Named Entity Recognition for NLTK in Python. Ident

2020-05-14 04:17发布

问题:

I need to classify words into their parts of speech. Like a verb, a noun, an adverb etc.. I used the

nltk.word_tokenize() #to identify word in a sentence 
nltk.pos_tag()       #to identify the parts of speech
nltk.ne_chunk()      #to identify Named entities. 

The out put of this is a tree. Eg

>>> sentence = "I am Jhon from America"
>>> sent1 = nltk.word_tokenize(sentence )
>>> sent2 = nltk.pos_tag(sent1)
>>> sent3 =  nltk.ne_chunk(sent2, binary=True)
>>> sent3
Tree('S', [('I', 'PRP'), ('am', 'VBP'), Tree('NE', [('Jhon', 'NNP')]), ('from', 'IN'), Tree('NE', [('America', 'NNP')])])
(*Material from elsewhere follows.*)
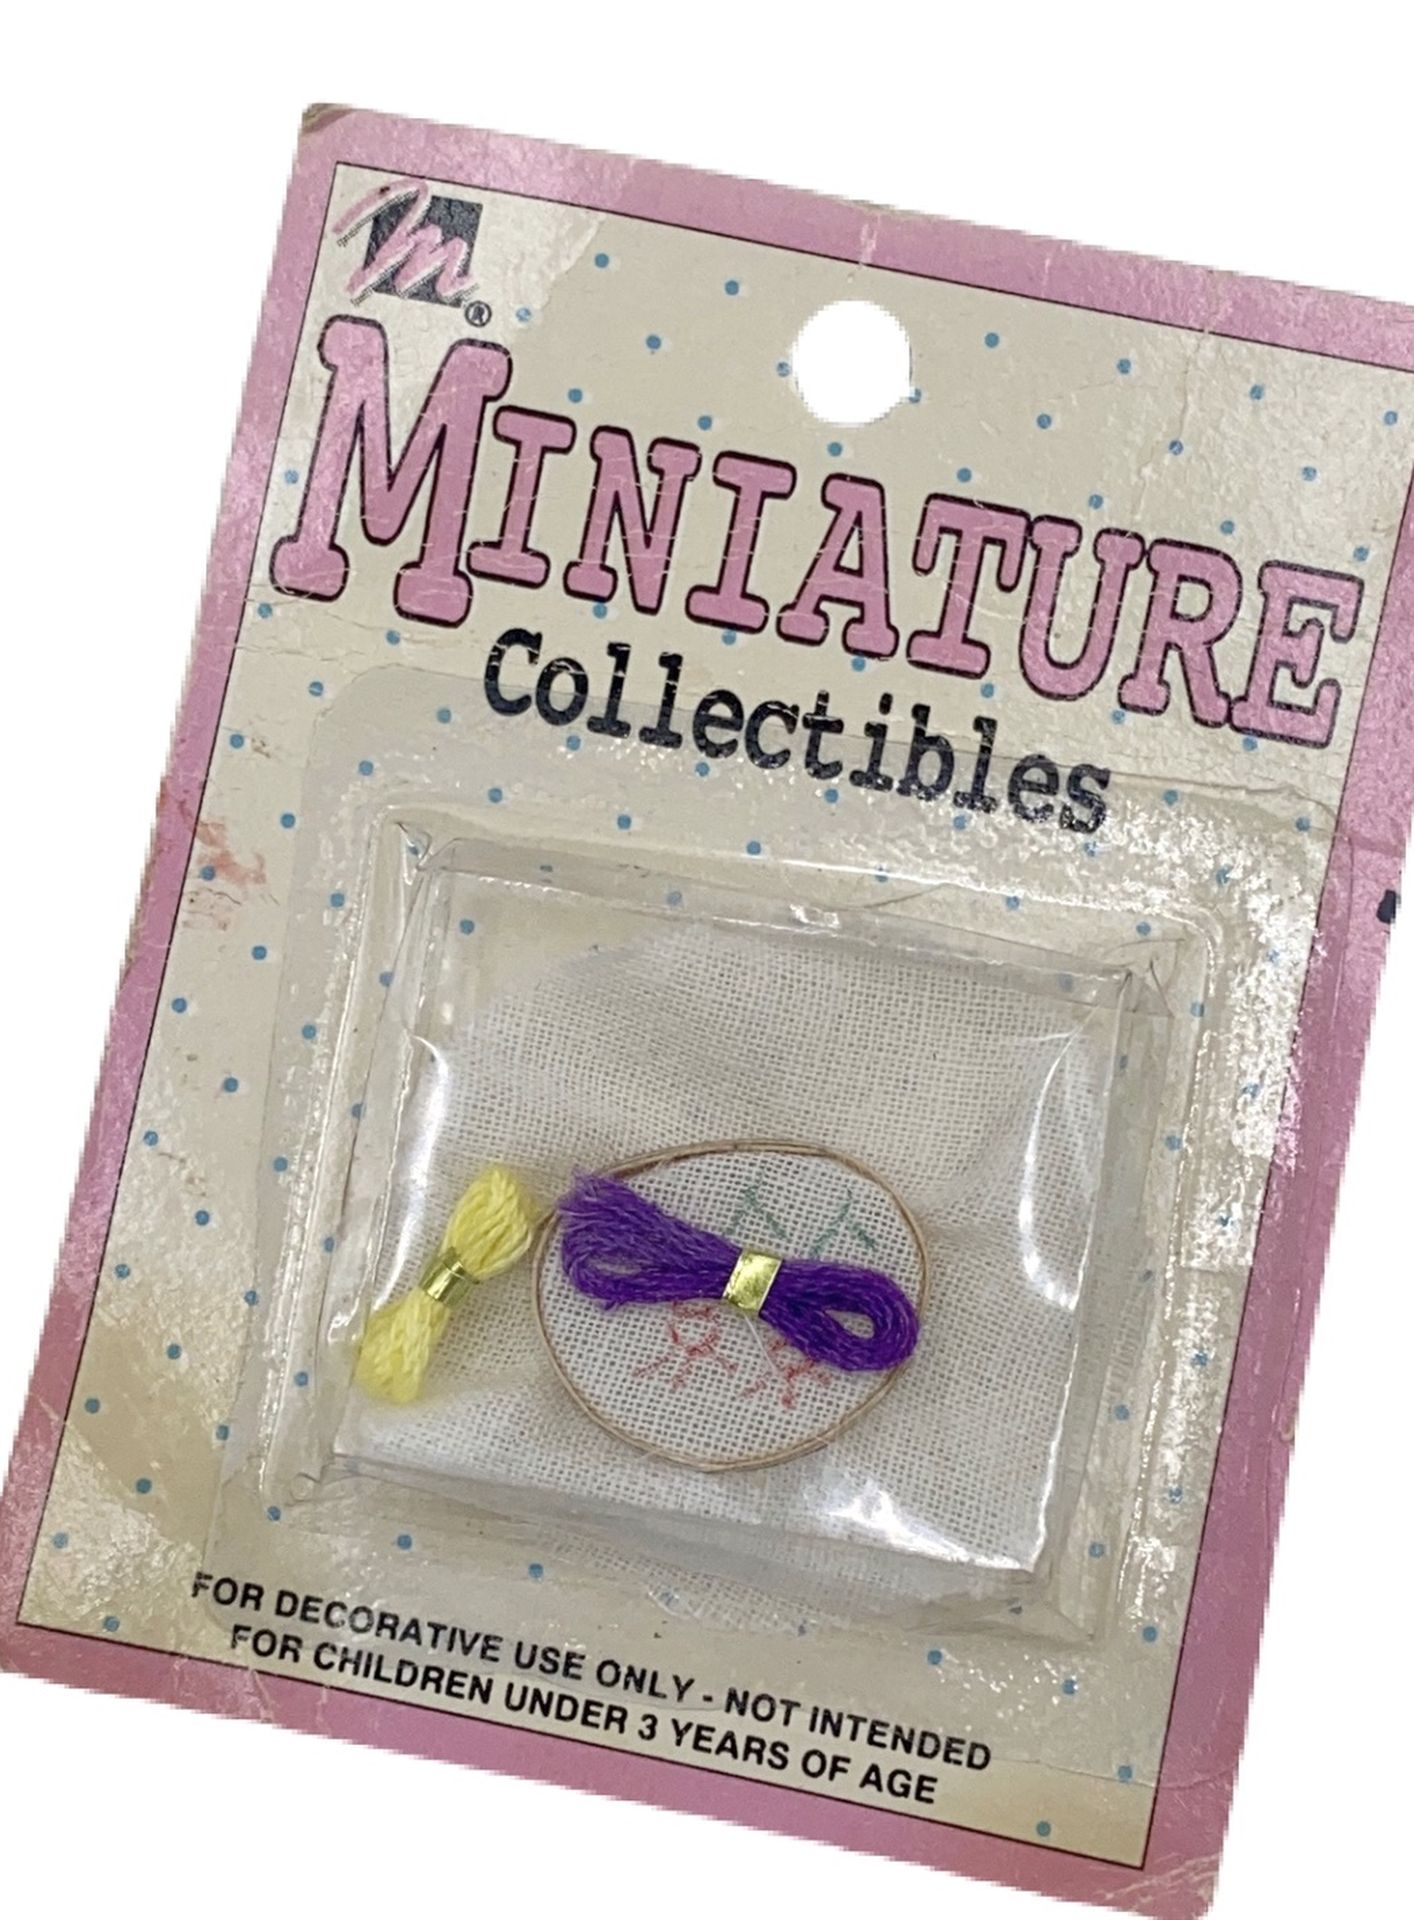 Vintage Toys | Cross Stitch by Mangelsen’s Miniature Collectibles

When accessing the element in this tree, i did it as follows:

>>> sent3[0]
('I', 'PRP')
>>> sent3[0][0]
'I'
>>> sent3[0][1]
'PRP'

But when accessing a Named Entity:

>>> sent3[2]
Tree('NE', [('Jhon', 'NNP')])
>>> sent3[2][0]
('Jhon', 'NNP')
>>> sent3[2][1]    
Traceback (most recent call last):
  File "<pyshell#121>", line 1, in <module>
    sent3[2][1]
  File "C:\Python26\lib\site-packages\nltk\tree.py", line 139, in __getitem__
    return list.__getitem__(self, index)
IndexError: list index out of range

I got the above error.

What i want is to get the output as 'NE' similar to the previous 'PRP' so i cant identify which word is a Named Entity. Is there any way of doing this with NLTK in python?? If so please post the command. Or is there a function in the tree library to do this? I need the node value 'NE'

回答1:

This answer may be off base, and in which case I'll delete it, as I don't have NLTK installed here to try it, but I think you can just do:

   >>> sent3[2].node
   'NE'

sent3[2][0] returns the first child of the tree, not the node itself

Edit: I tried this when I got home, and it does indeed work.



回答2:

Below is my code:

chunks = ne_chunk(postags, binary=True)
for c in chunks:
  if hasattr(c, 'node'):
    myNE.append(' '.join(i[0] for i in c.leaves()))


回答3:

This will work

for sent in chunked_sentences:
  for chunk in sent:
    if hasattr(chunk, "label"):
        print(chunk.label())


回答4:

I agree with bdk

sent3[2].node

O/P - 'NE'

I think there is no function in nltk to do it.Above solution will work but for reference you can check here

for looping problem you can do :-

 for i in range(len(sent3)):
     if "NE" in str(sent3[i]):
          print sent3[i].node

I have executed this in nltk and it works fine..



回答5:

Now sent3[2].node is outdated.

use sent3[2].label() instead